INFORMATION SUPPLIED:
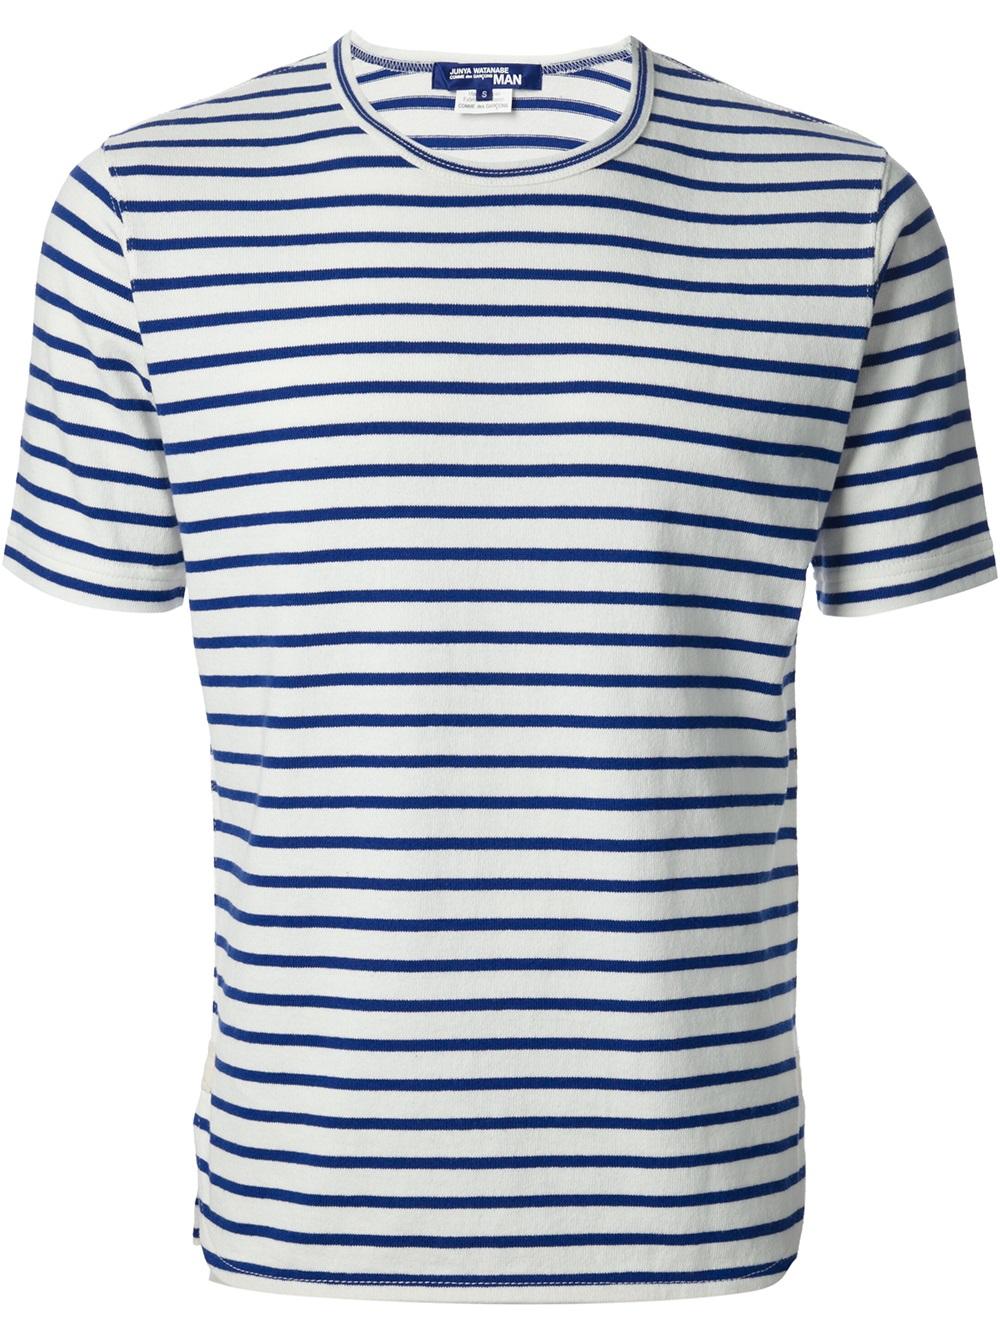 Lyst Junya Watanabe Striped Tshirt In Blue For Men
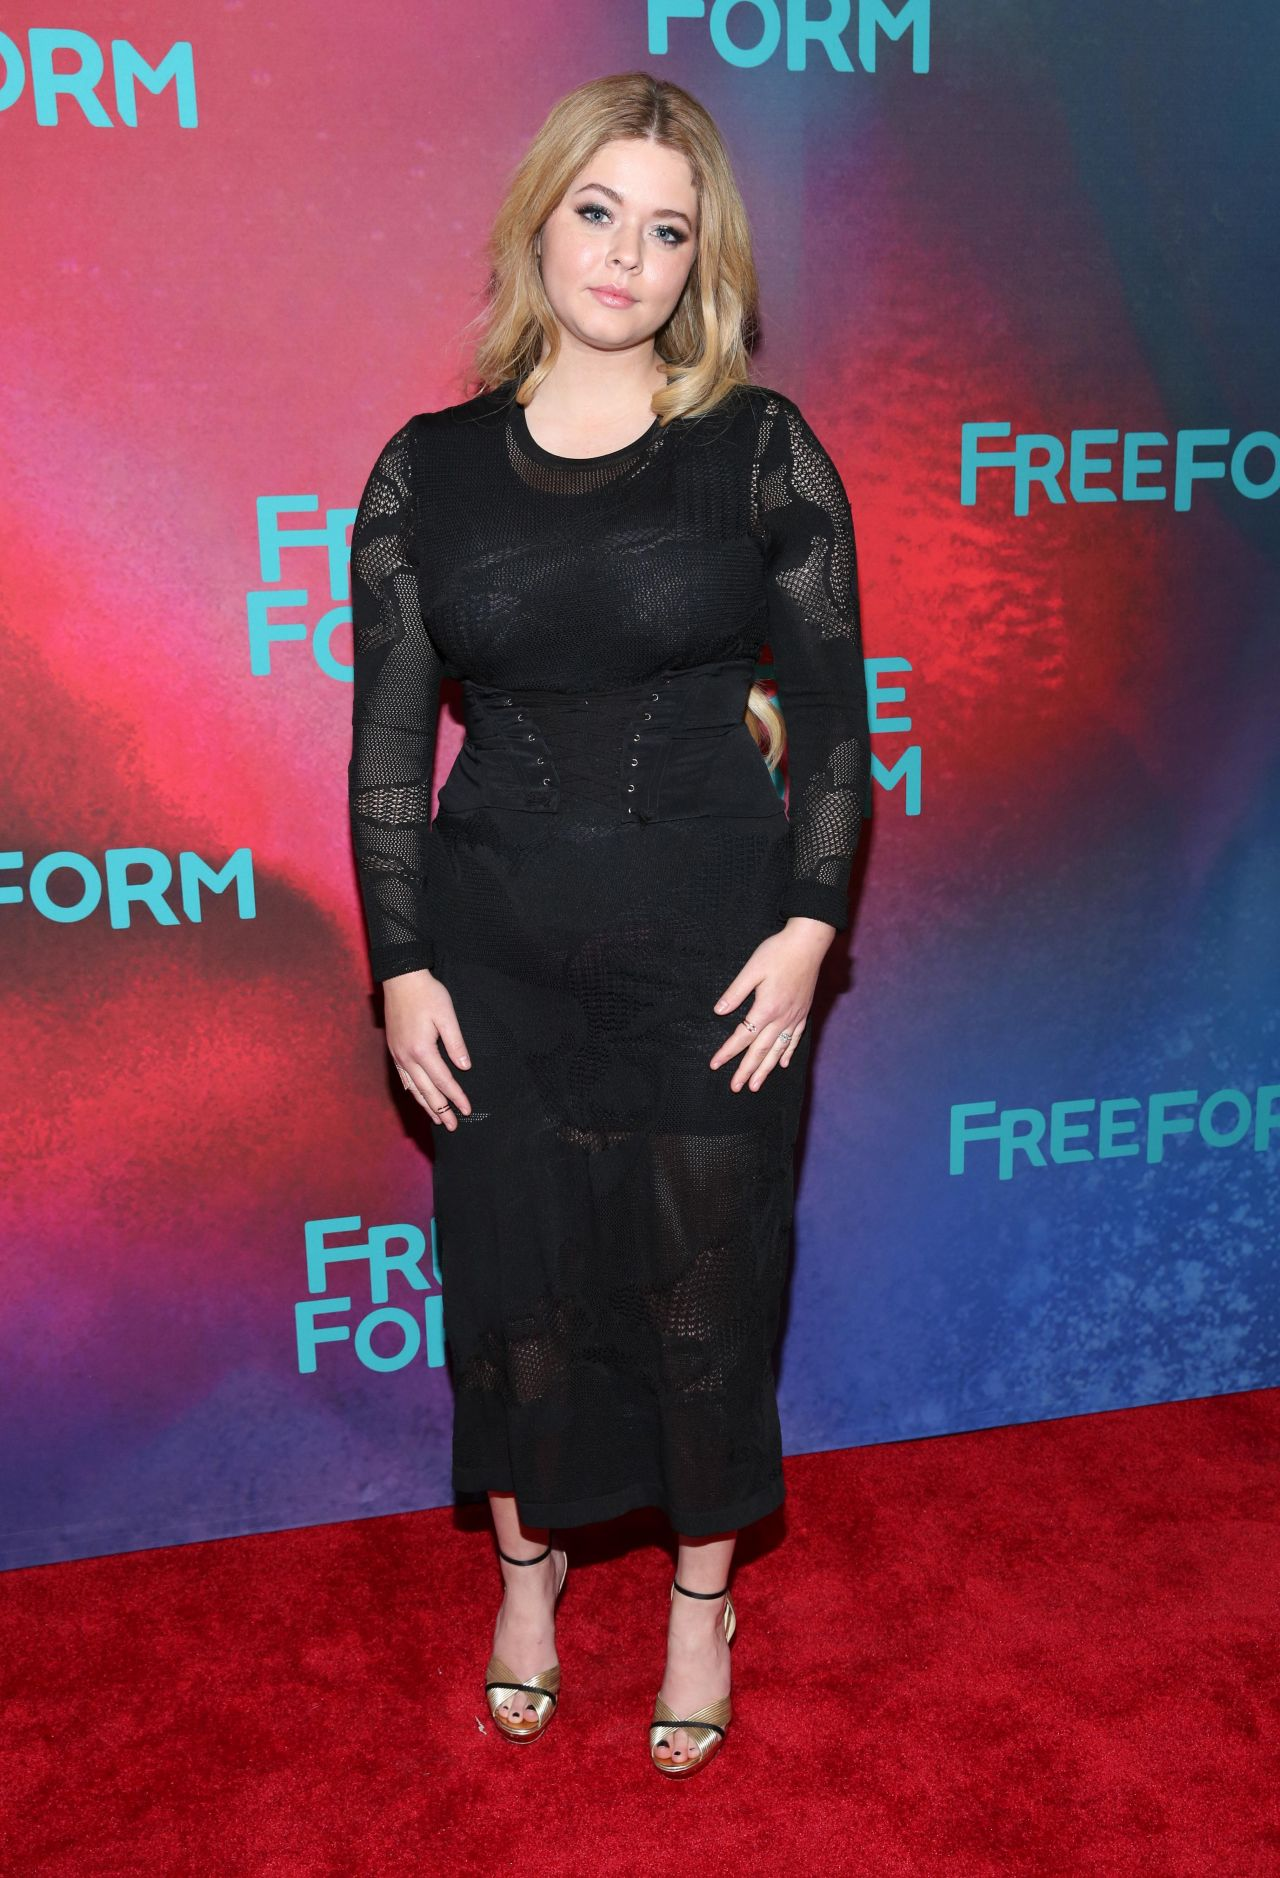 Sasha Pieterse At Freeform Upfront In New York 4192017
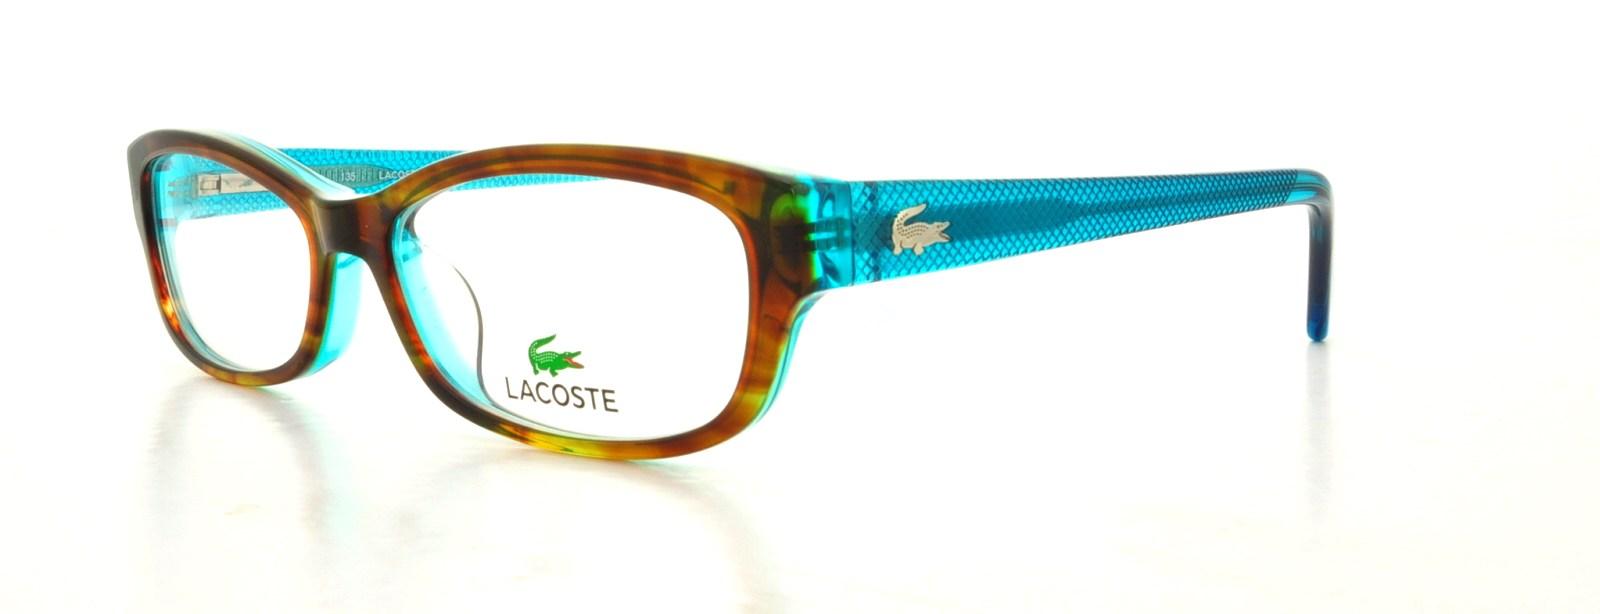 20e1bac40b3e Designer Frames Outlet. Lacoste L2673

PROMPT: Transcribe every line of the data exactly. No pictures go in the copy.

ANSWER SECTION:
 Lyst Junya Watanabe Striped Tshirt In Blue For Men
 Sasha Pieterse At Freeform Upfront In New York 4192017
 20e1bac40b3e Designer Frames Outlet. Lacoste L2673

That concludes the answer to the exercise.